Fernandez's sword-nosed bat (Lonchorhina fernandezi) is a species of bat in the family Phyllostomidae. It is the smallest species of the Lonchorhina genus. It is endemic to Venezuela. In 2013, Bat Conservation International listed this species as one of the 35 species of its worldwide priority list of conservation. It is threatened by habitat loss. It derives its scientific name from a Venezuelan zoologist, Dr. Alberto Fernandez Badillo, whose research focused on vampire bats, in particular.

==Description==
They weigh 9.7-10 g. In addition to being the smallest of the sword-nosed bats, it also has the least-complex nose-leaf. Their skulls are 17.5-17.7 mm long. Their fur is dark brown, with individual hairs 6 mm long. Hairs are bicolored, and are darker at the base and lighter at the tip. Their ears are 18-22 mm long. Three individuals encountered had partial albinism. This species has one more sacral vertebra than the closely related Orinoco sword-nosed bat.

==Biology and ecology==
Because only males have been found, little is known about their reproduction. However, juvenile bats have been observed in February, which suggests that females give birth in December. They possibly form harems during the breeding season. Males live in colonies that vary in size throughout the year, ranging from 1-130 individuals. Males will also share caves with other species of bats. In February, March, and August, lesser dog-like bats have been observed roosting with this species.
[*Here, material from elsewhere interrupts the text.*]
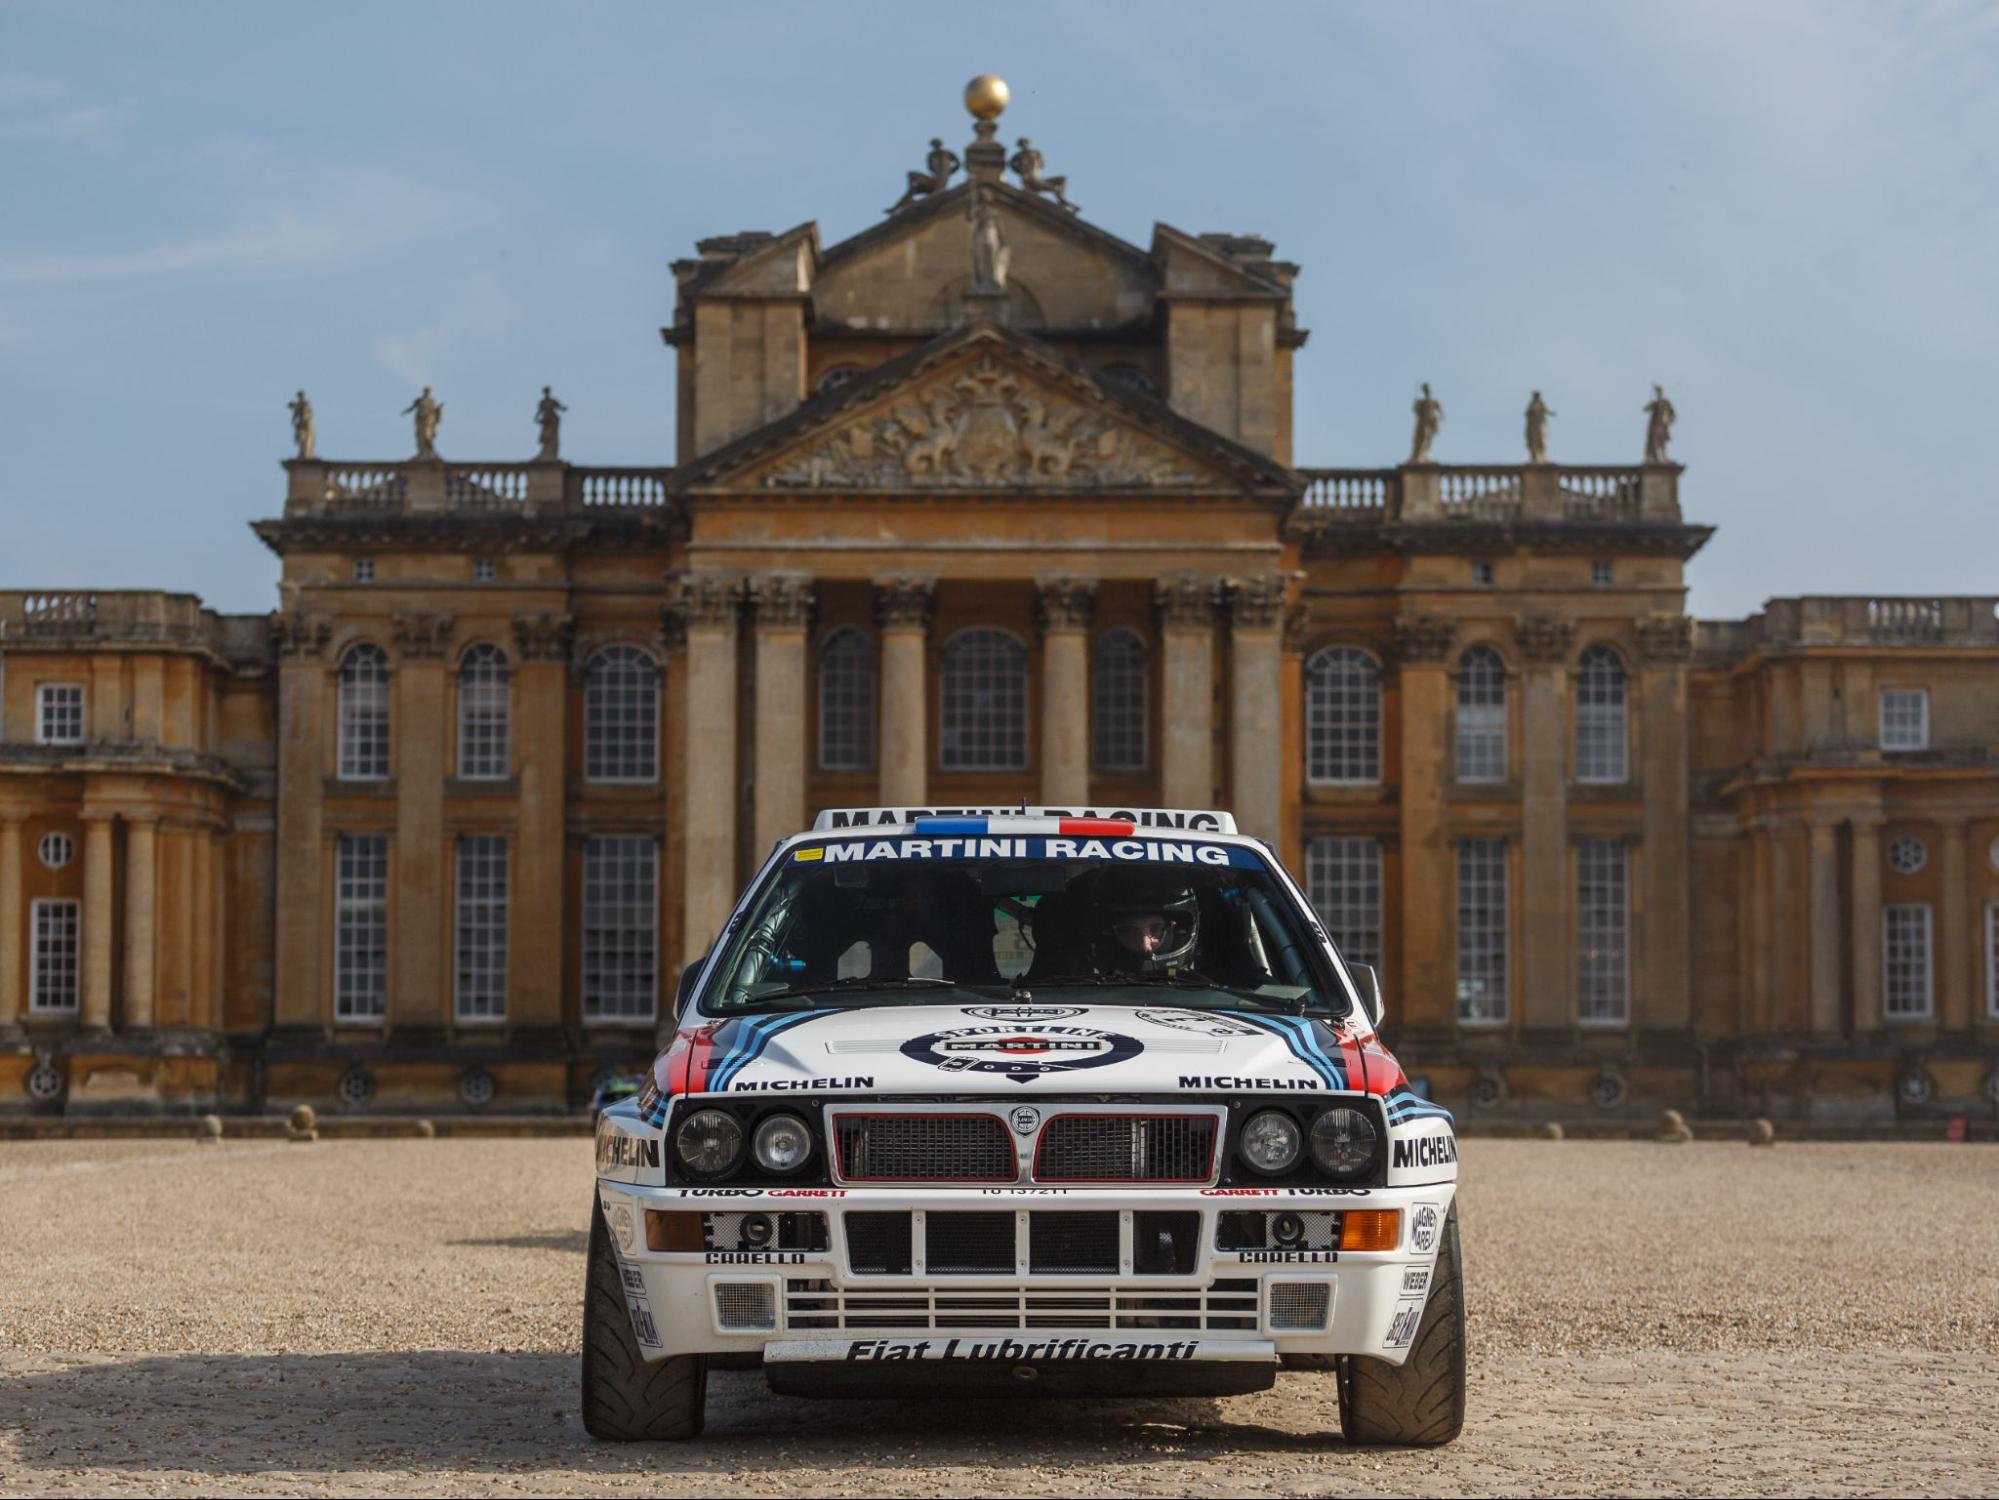 Lancia Delta Integrale GrA as part of the tribute to World Rally Champions

In November, Parnell's mustached bats were observed roosting with them. Their wing morphology suggests that they are capable of fast, straight flight. Beetles and moths comprise a large portion of their diets, based on analysis of stomach contents. Like many bats, this species is host to ectoparasites, including bat flies and wing mites.

==Distribution==
Fernandez's sword-nosed bat is only known from two states in Venezuela: Amazonas and Bolívar. This area, the Llanos, is characterized by open savanna with rocky, granite outcrops. Of the forty-five specimens that have been examined by researchers, however, all have been male, which could indicate that the females use different habitats than males. The habitat where the bats have been found is being lost rapidly to cattle ranching. They are colonial, forming large aggregations in caves and tunnels.

==Conservation==
In addition to the threats of habitat destruction from cattle ranching, this species is also at risk from vampire bat control. Humans try to exterminate vampire bats by blowing up their caves with dynamite, gassing caves with cyanide gas, or coating caves with a toxic anticoagulant. These methods are often used indiscriminately because locals may not know how to distinguish vampire bats from other bats, or may mistakenly believe that all bats drink blood. Technicians from Venezuela's Agriculture and Cattle Ministry have intentionally killed the Fernandez's sword-nosed bat in the past, as they applied poison to all species of bats captured in a misguided effort to control vampire bats. To protect the species, the International Union for Conservation of Nature proposes that their caves receive legal protection, which would prevent extermination from misguided vampire bat control. They also suggest the cessation of ranching expansion into their known distribution They are listed as endangered because it is thought that there are fewer than 250 mature individuals remaining.